**Data provided:**

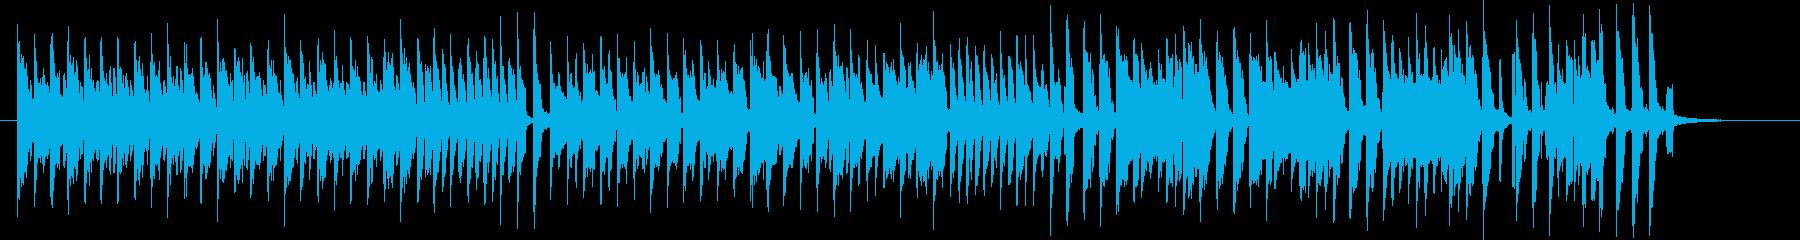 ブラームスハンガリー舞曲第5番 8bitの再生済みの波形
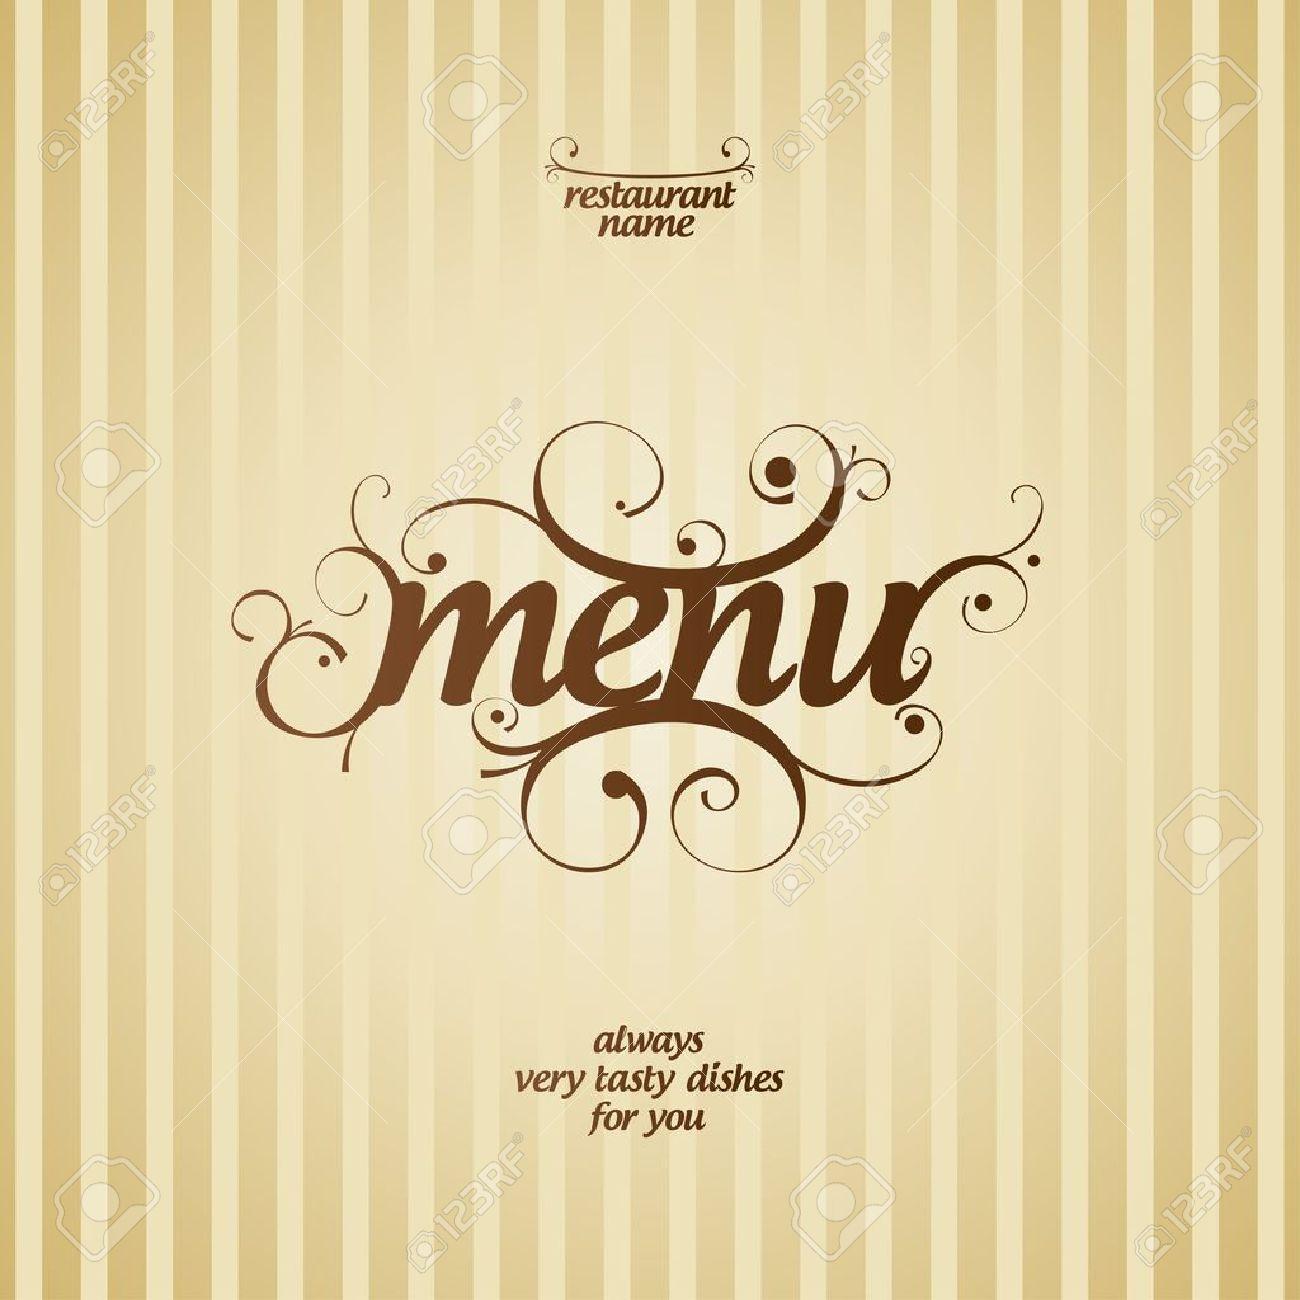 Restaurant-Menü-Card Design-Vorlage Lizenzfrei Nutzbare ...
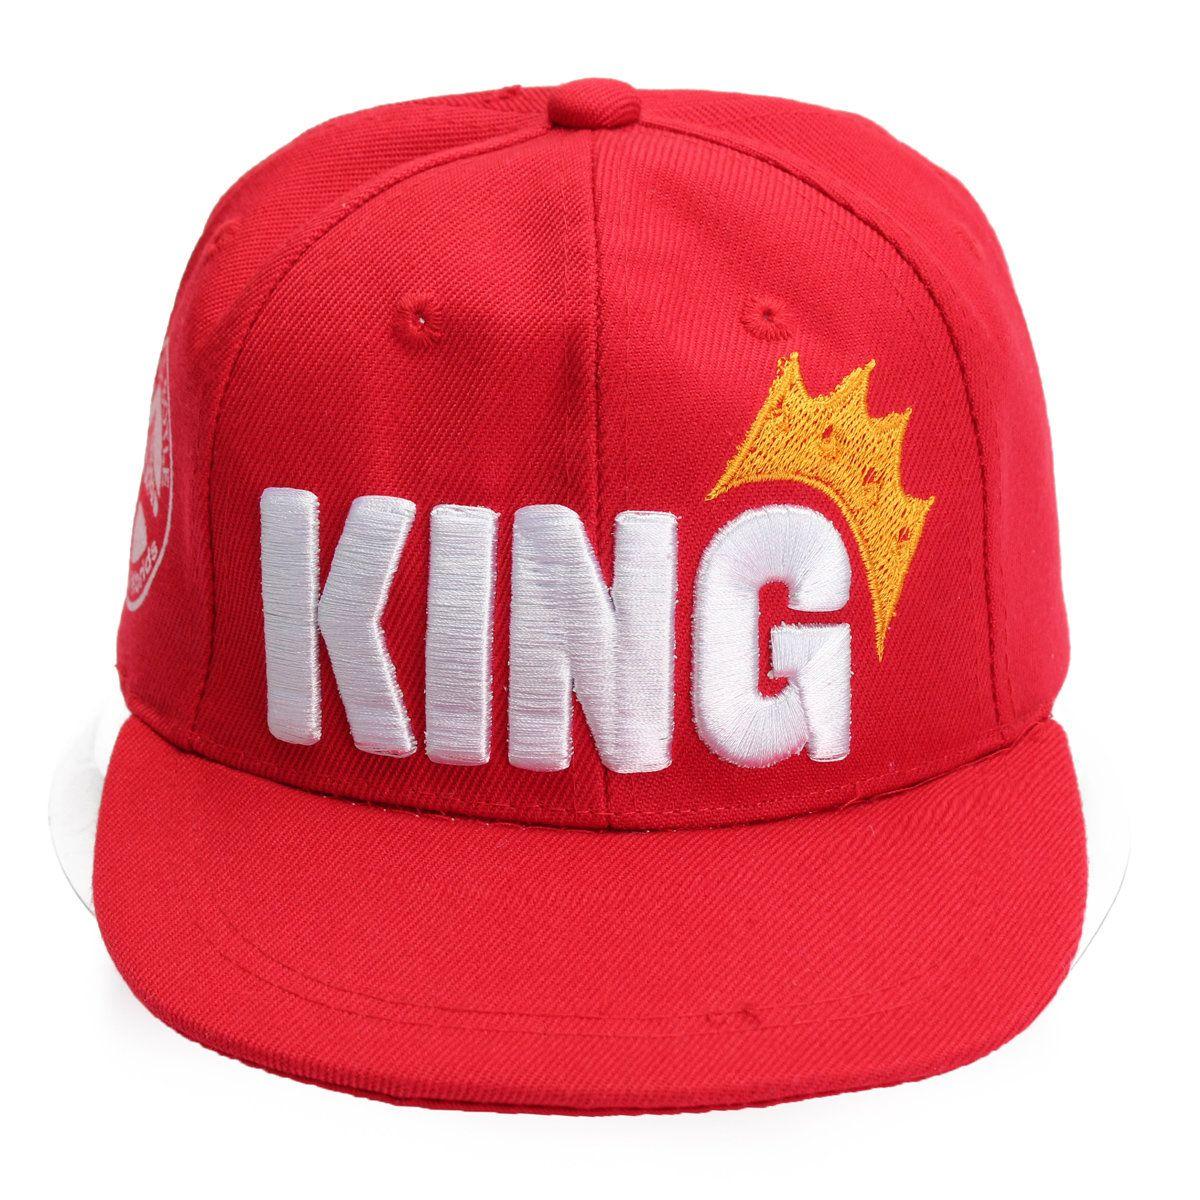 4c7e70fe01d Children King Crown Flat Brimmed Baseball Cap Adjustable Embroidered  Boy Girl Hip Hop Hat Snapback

**Action item:** Each line of the data should be quoted exactly, with pictures left out.

**Answer space:**
 ブラームスハンガリー舞曲第5番 8bitの再生済みの波形
 Restaurant-Menü-Card Design-Vorlage Lizenzfrei Nutzbare ...
 4c7e70fe01d Children King Crown Flat Brimmed Baseball Cap Adjustable Embroidered  Boy Girl Hip Hop Hat Snapback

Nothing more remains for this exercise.